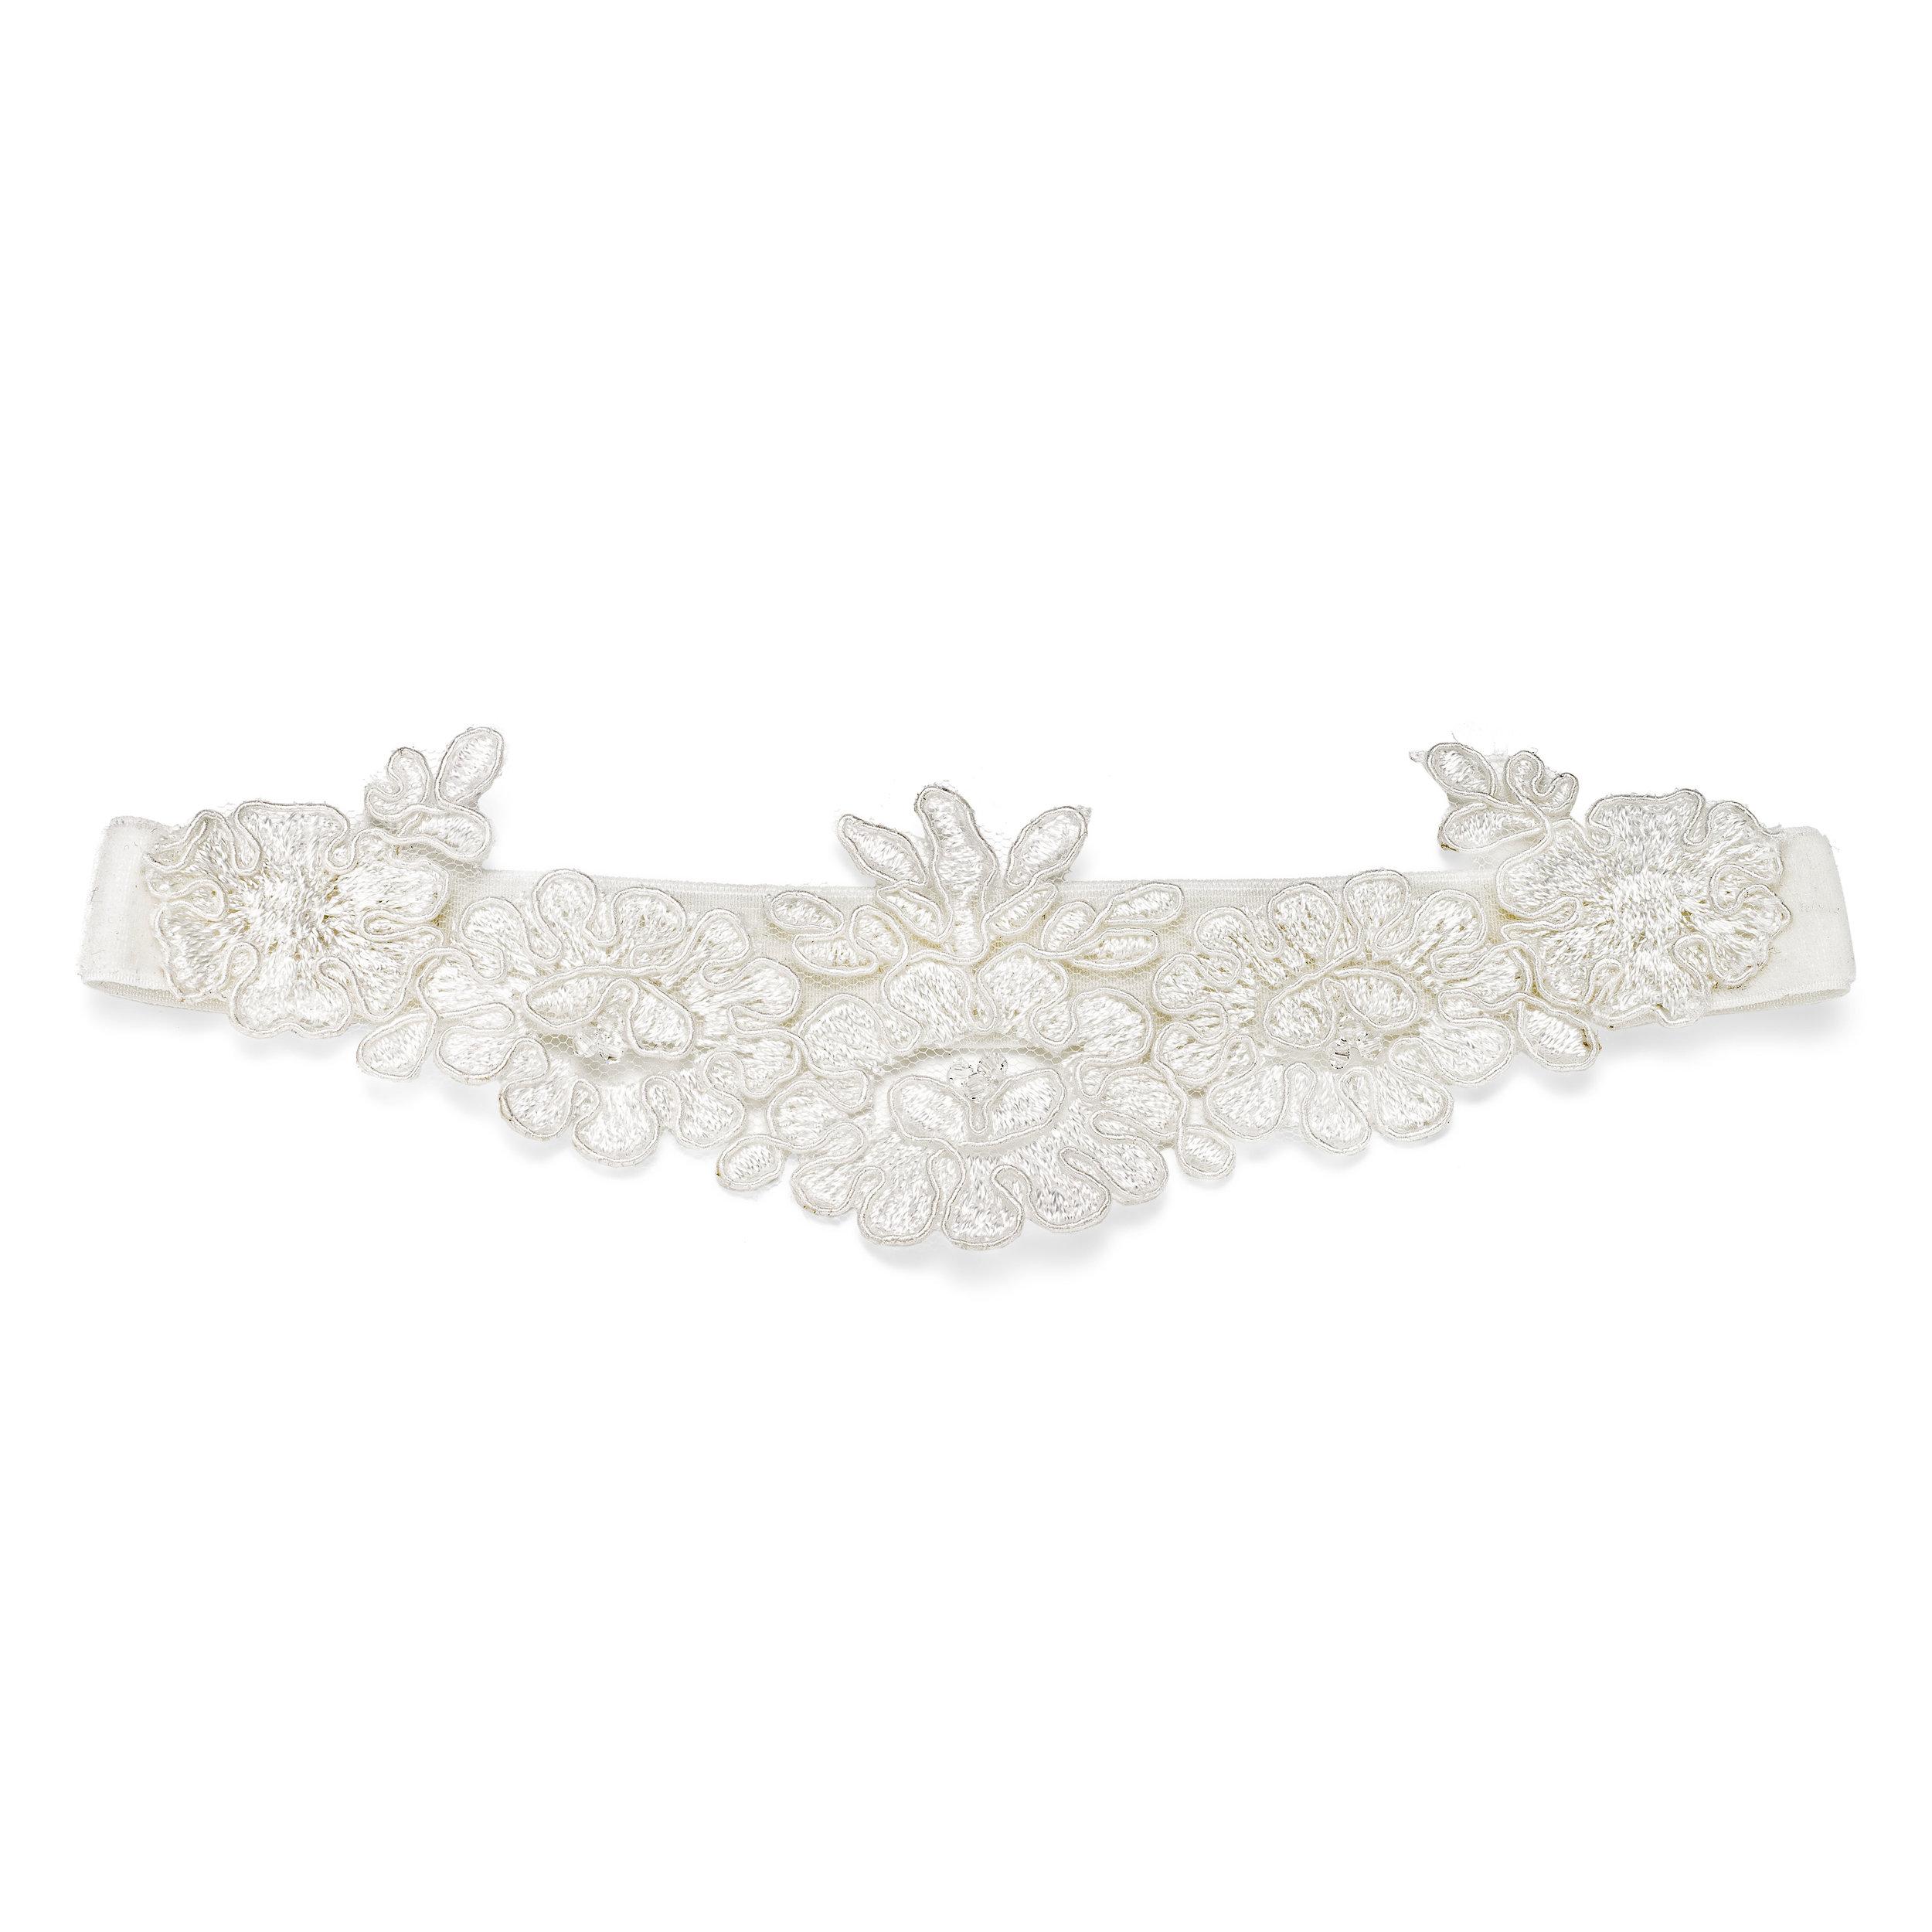 French lace and velvet wedding garter
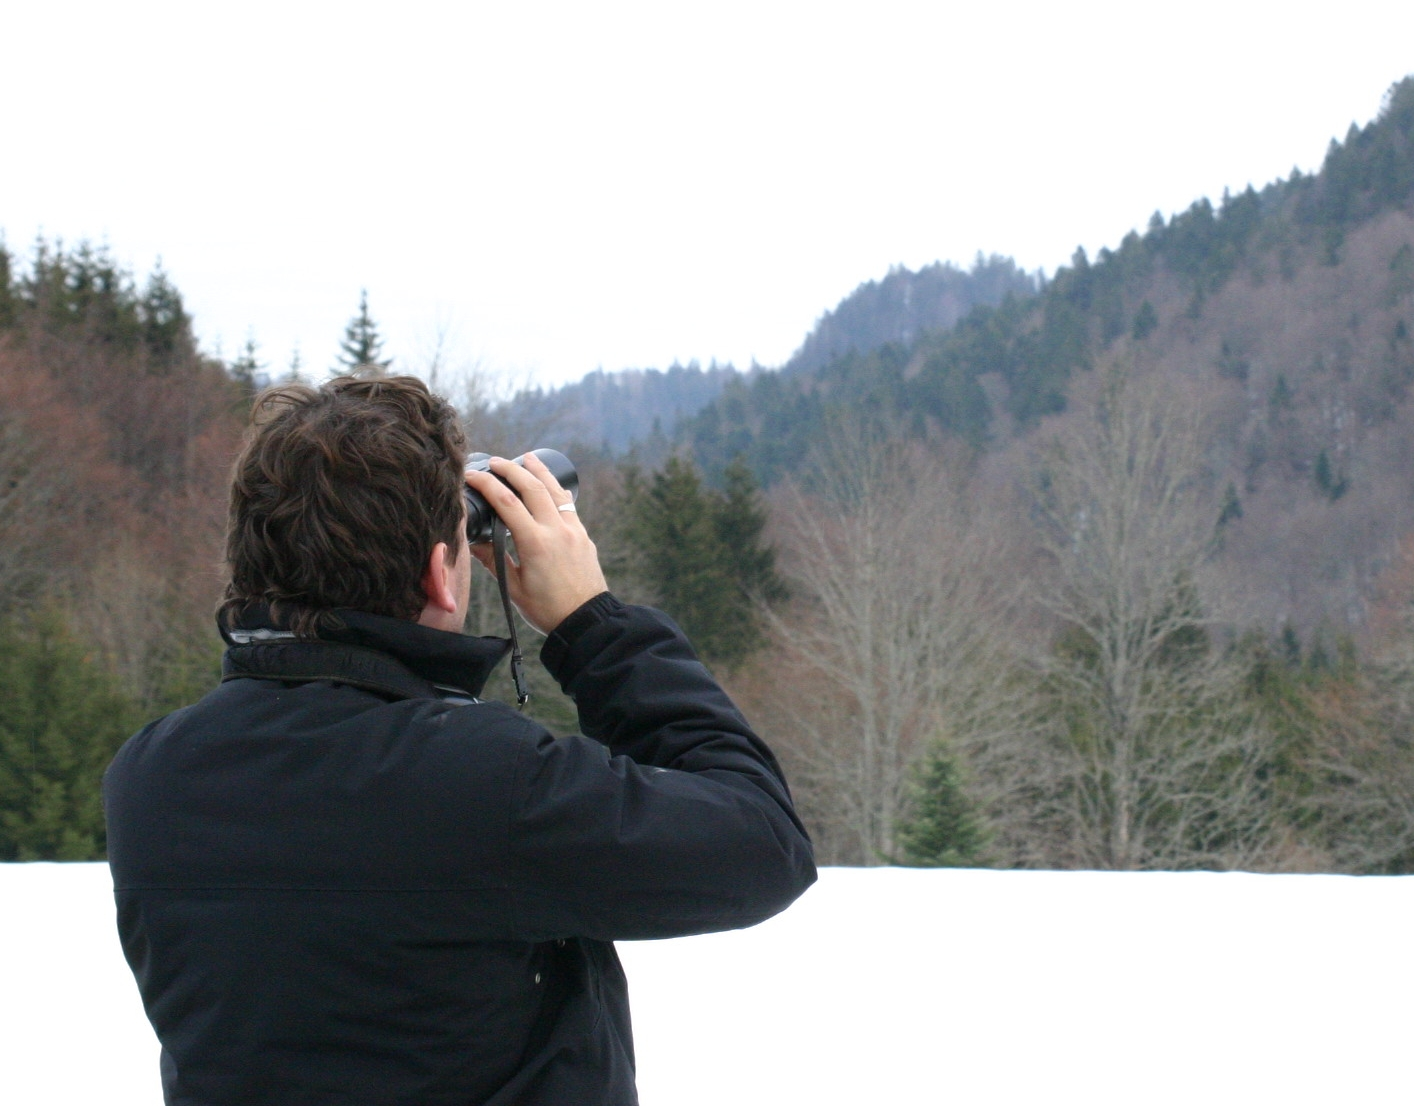 https://cdnfiles1.biolovision.net/franche-comte.lpo.fr/userfiles/Modedemploi/observationJaseurJuraPetitjean-retouch.jpg
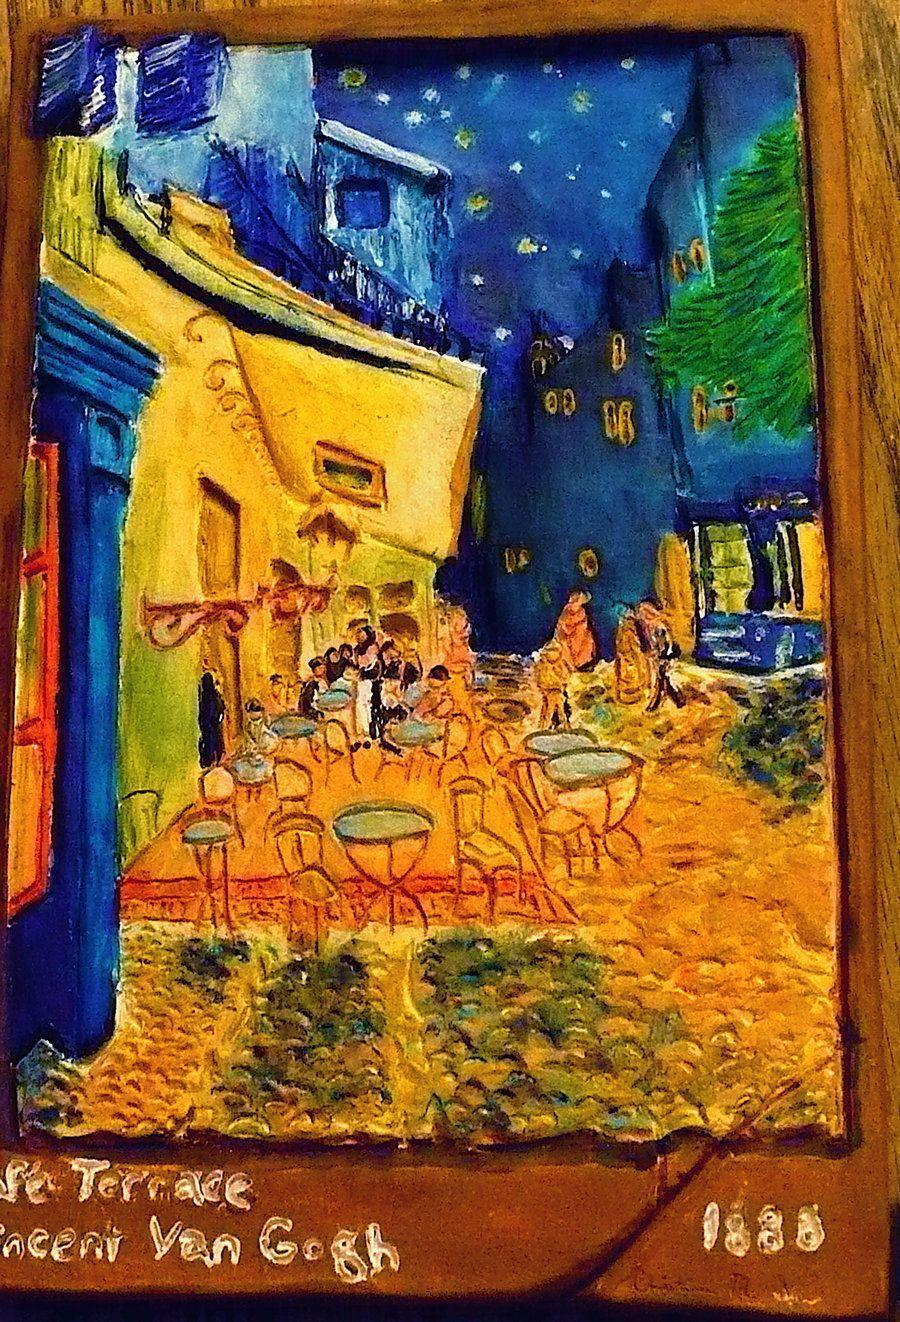 Van Gogh Caf 233 Terrace At Night Wallpapers Wallpaper Cave
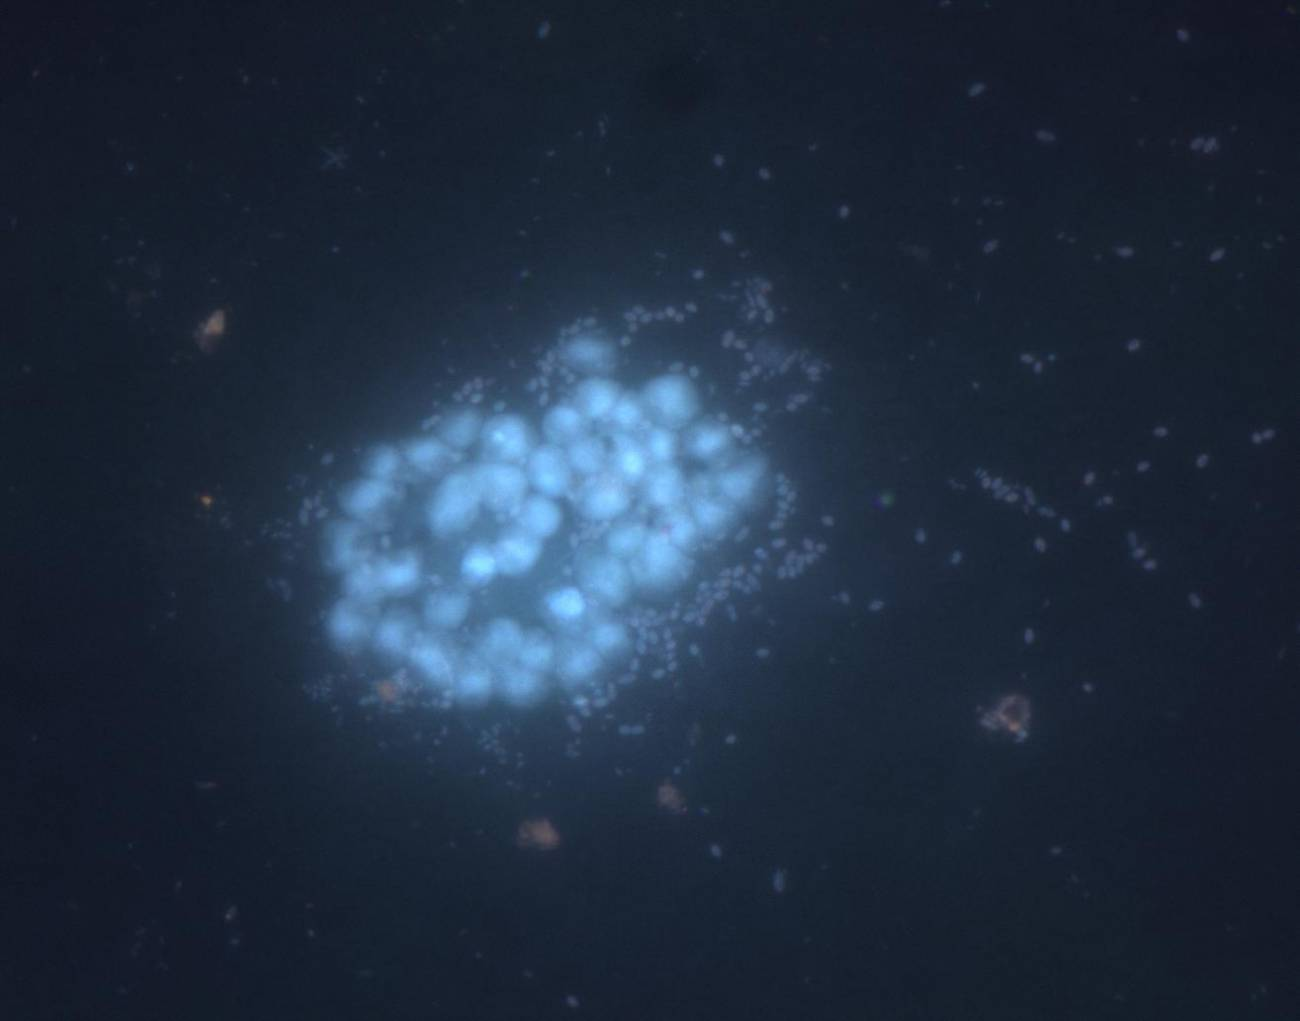 Imagen de microscopio de epifluorescencia conteniendo diferentes morfologías microscópicas no identificadas presentes en las saladas de Monegros. Crédito: A Pena-Baixeras. / CSIC.

---+---

• WHAT THE TASK REQUIRES: Reproduce every line above exactly as written, omitting the images.

• ANSWER SPACE:
 French lace and velvet wedding garter
 https://cdnfiles1.biolovision.net/franche-comte.lpo.fr/userfiles/Modedemploi/observationJaseurJuraPetitjean-retouch.jpg
 Van Gogh Caf 233 Terrace At Night Wallpapers Wallpaper Cave
 Imagen de microscopio de epifluorescencia conteniendo diferentes morfologías microscópicas no identificadas presentes en las saladas de Monegros. Crédito: A Pena-Baixeras. / CSIC.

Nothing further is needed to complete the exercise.